(Source records)
━━━━━━━━━━━━━━━━

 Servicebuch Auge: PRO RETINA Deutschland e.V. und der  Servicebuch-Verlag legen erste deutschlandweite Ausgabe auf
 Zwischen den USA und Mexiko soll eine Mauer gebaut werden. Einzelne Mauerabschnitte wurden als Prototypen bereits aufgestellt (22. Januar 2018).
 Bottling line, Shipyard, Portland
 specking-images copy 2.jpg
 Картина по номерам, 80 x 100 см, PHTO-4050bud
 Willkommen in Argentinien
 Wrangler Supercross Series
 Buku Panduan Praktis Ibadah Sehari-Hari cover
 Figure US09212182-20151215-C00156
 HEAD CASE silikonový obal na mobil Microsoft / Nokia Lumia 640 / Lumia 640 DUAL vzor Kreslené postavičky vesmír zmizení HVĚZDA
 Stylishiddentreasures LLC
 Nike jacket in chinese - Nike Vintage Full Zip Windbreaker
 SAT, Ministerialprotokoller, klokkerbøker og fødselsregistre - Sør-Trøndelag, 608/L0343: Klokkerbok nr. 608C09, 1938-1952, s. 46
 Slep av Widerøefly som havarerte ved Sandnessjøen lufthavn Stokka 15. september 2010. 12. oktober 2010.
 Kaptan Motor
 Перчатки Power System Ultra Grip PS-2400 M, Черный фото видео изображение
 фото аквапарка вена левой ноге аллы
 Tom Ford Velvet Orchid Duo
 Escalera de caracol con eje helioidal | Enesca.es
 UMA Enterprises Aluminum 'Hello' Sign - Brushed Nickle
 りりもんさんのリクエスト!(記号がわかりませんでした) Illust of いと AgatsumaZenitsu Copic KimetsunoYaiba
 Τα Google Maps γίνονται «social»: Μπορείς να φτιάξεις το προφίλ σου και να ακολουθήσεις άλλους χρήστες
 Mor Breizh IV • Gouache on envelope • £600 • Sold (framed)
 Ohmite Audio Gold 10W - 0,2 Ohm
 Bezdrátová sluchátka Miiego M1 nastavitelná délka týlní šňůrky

━━━━━━━━━━━━━━━━

- [What you are asked to do] Count the lines of the data that contain the string "фото", and reply with that number alone.

- [Response area] 2